Complete step-by-step answer:
Let us take two triangles $ABC$ and $PQR$ where $AD$ is the median in triangle $ABC$ and
$PM$ is the median in the triangle $PQR$. We have to prove that

\[\dfrac{{AreaOf\Delta ABC}}{{AreaOf\Delta PQR}} = {\left( {\dfrac{{AD}}{{PM}}} \right)^2}\]
Proof: Since we are given that two triangles $ABC$ & $PQR$ are similar
$\therefore $ $\Delta ABC \sim \Delta PQR$ (given)
$ \Rightarrow $ $\angle B = \angle Q$ (Corresponding angles of similar triangles are also equal)
$ \Rightarrow $$\dfrac{{AB}}{{PQ}} = \dfrac{{BC}}{{QR}}$ (Corresponding scales of similar triangles of same proportion)
$ \Rightarrow $\[\dfrac{{AB}}{{PQ}} = \dfrac{{BD + DC}}{{QM + MR}} = \dfrac{{BD + BD}}{{QM + QM}}\]
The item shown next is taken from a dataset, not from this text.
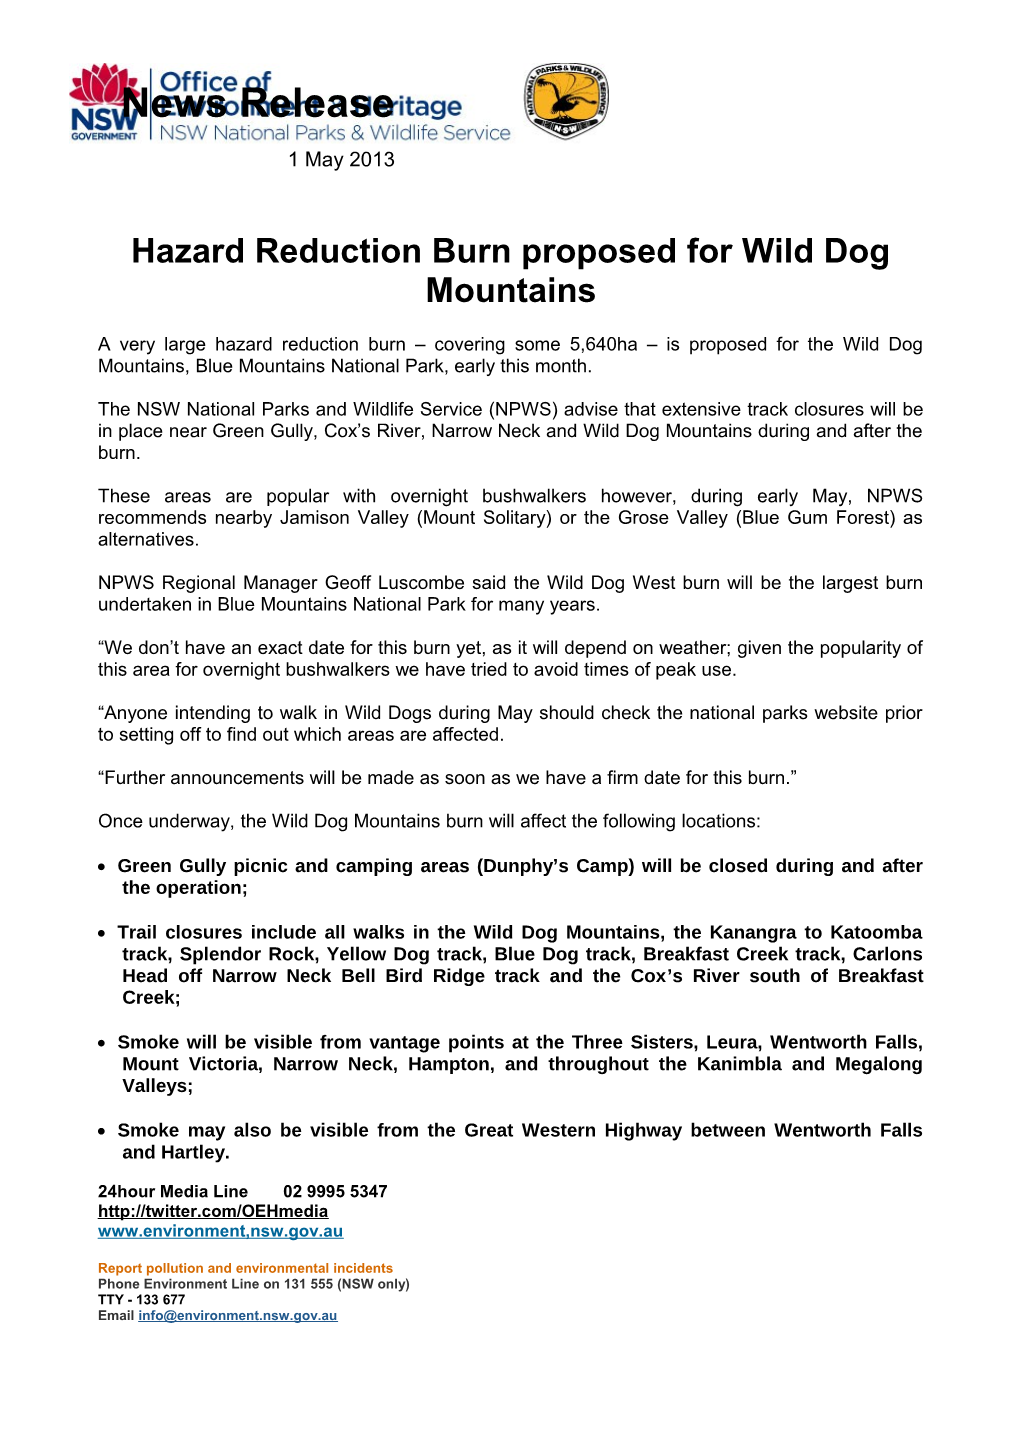 Hazard Reduction Burn Proposed for Wild Dog Mountains
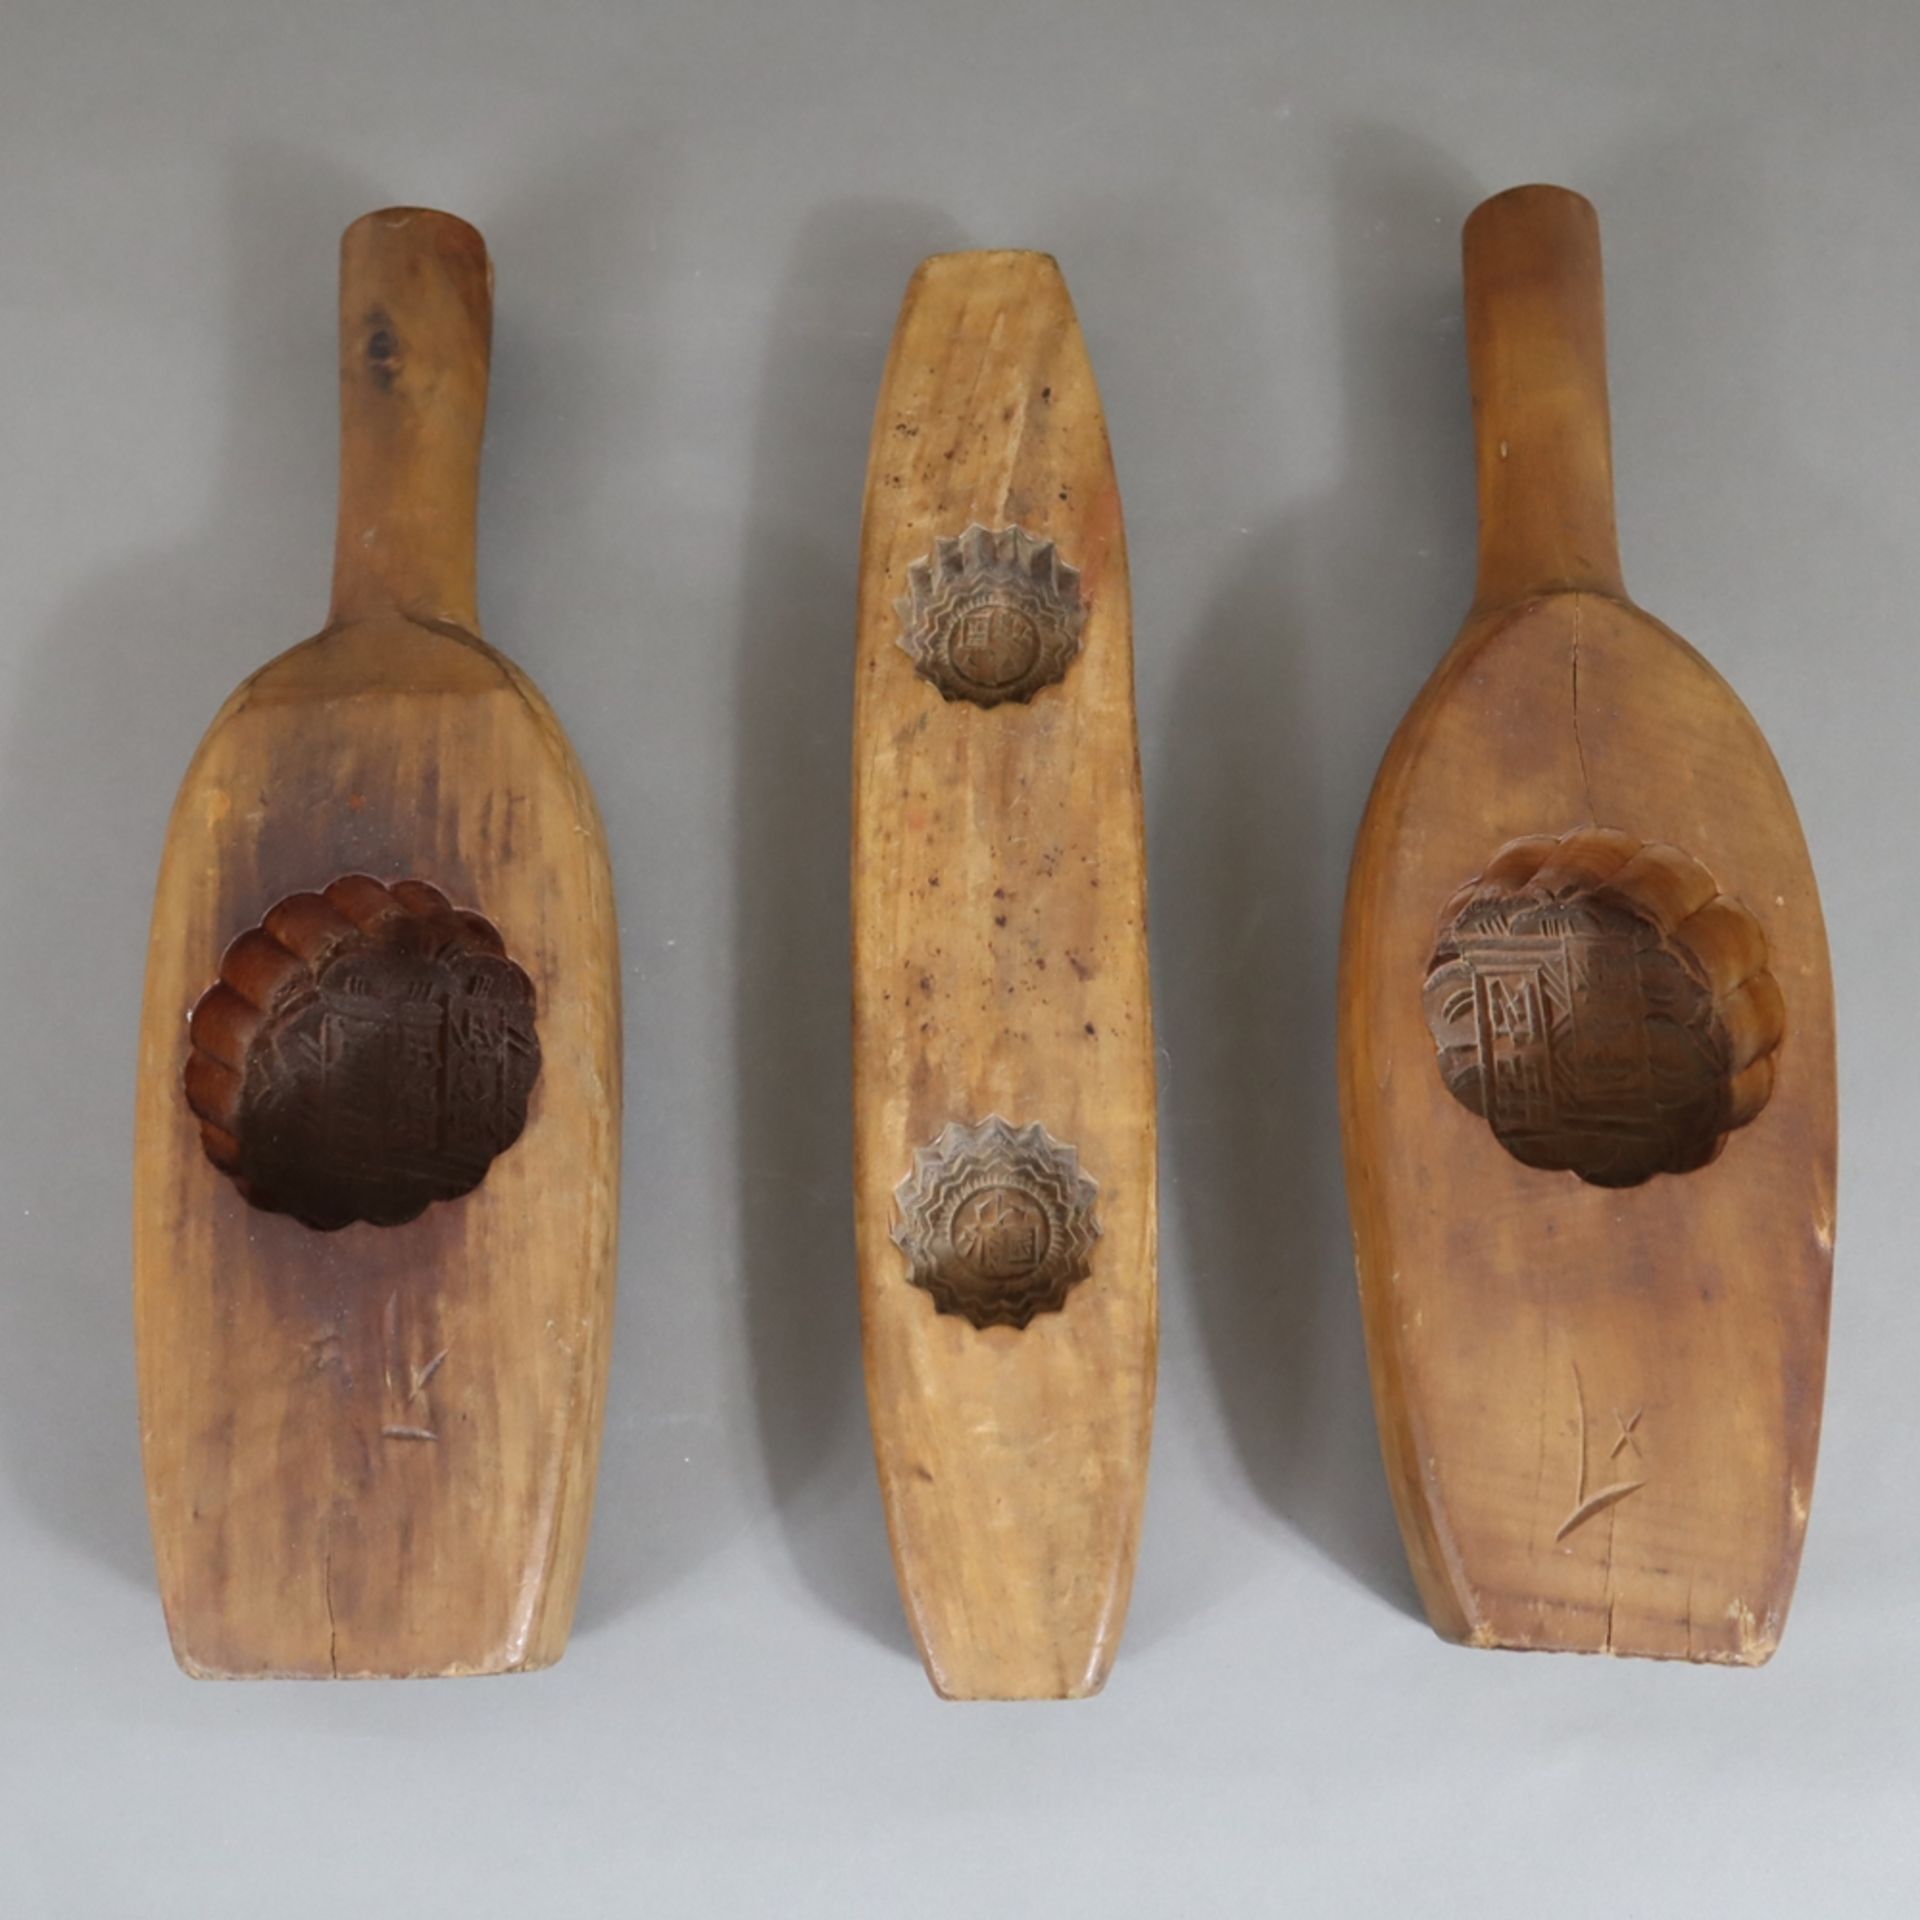 Drei Reiskuchen Formen - China, wohl Guangdong-Provinz, Anfang 20. Jh., Holz, 2x geschnitzt mit jew

$\because $ $AD$ & $PM$ are medians So $BD = DC$ & $QM = MR$
$ \Rightarrow $\[\dfrac{{AB}}{{PQ}} = \dfrac{{2BD}}{{2QM}} = \dfrac{{BD}}{{QM}}\] -------(1)
$\therefore $ In $\Delta ABD$ & $\Delta PQM$
$\angle B = \angle Q$ (already proved)
$\dfrac{{AB}}{{PQ}} = \dfrac{{BD}}{{QM}}$ (From (1)) ----------(2)
$\therefore $ $\Delta ABD \sim \Delta PQM$
$\dfrac{{AB}}{{PQ}} = \dfrac{{DM}}{{PM}}$
Corresponding sides of similar $\Delta $’s in same proportion
\[\dfrac{{AreaOf\Delta ABC}}{{AreaOf\Delta PQR}} = {\left( {\dfrac{{AB}}{{PQ}}} \right)^2}\]
\[\dfrac{{AreaOf\Delta ABC}}{{AreaOf\Delta PQR}} = {\left( {\dfrac{{BD}}{{QM}}} \right)^2}\]-----(from equation (2))


Note: 1) From this we can also prove that the ratio of areas of $2$ similar $\Delta $’s is equal to the square of ratio of their altitude.
2) Similarity of triangles can be proved by two methods by taking angles and sides.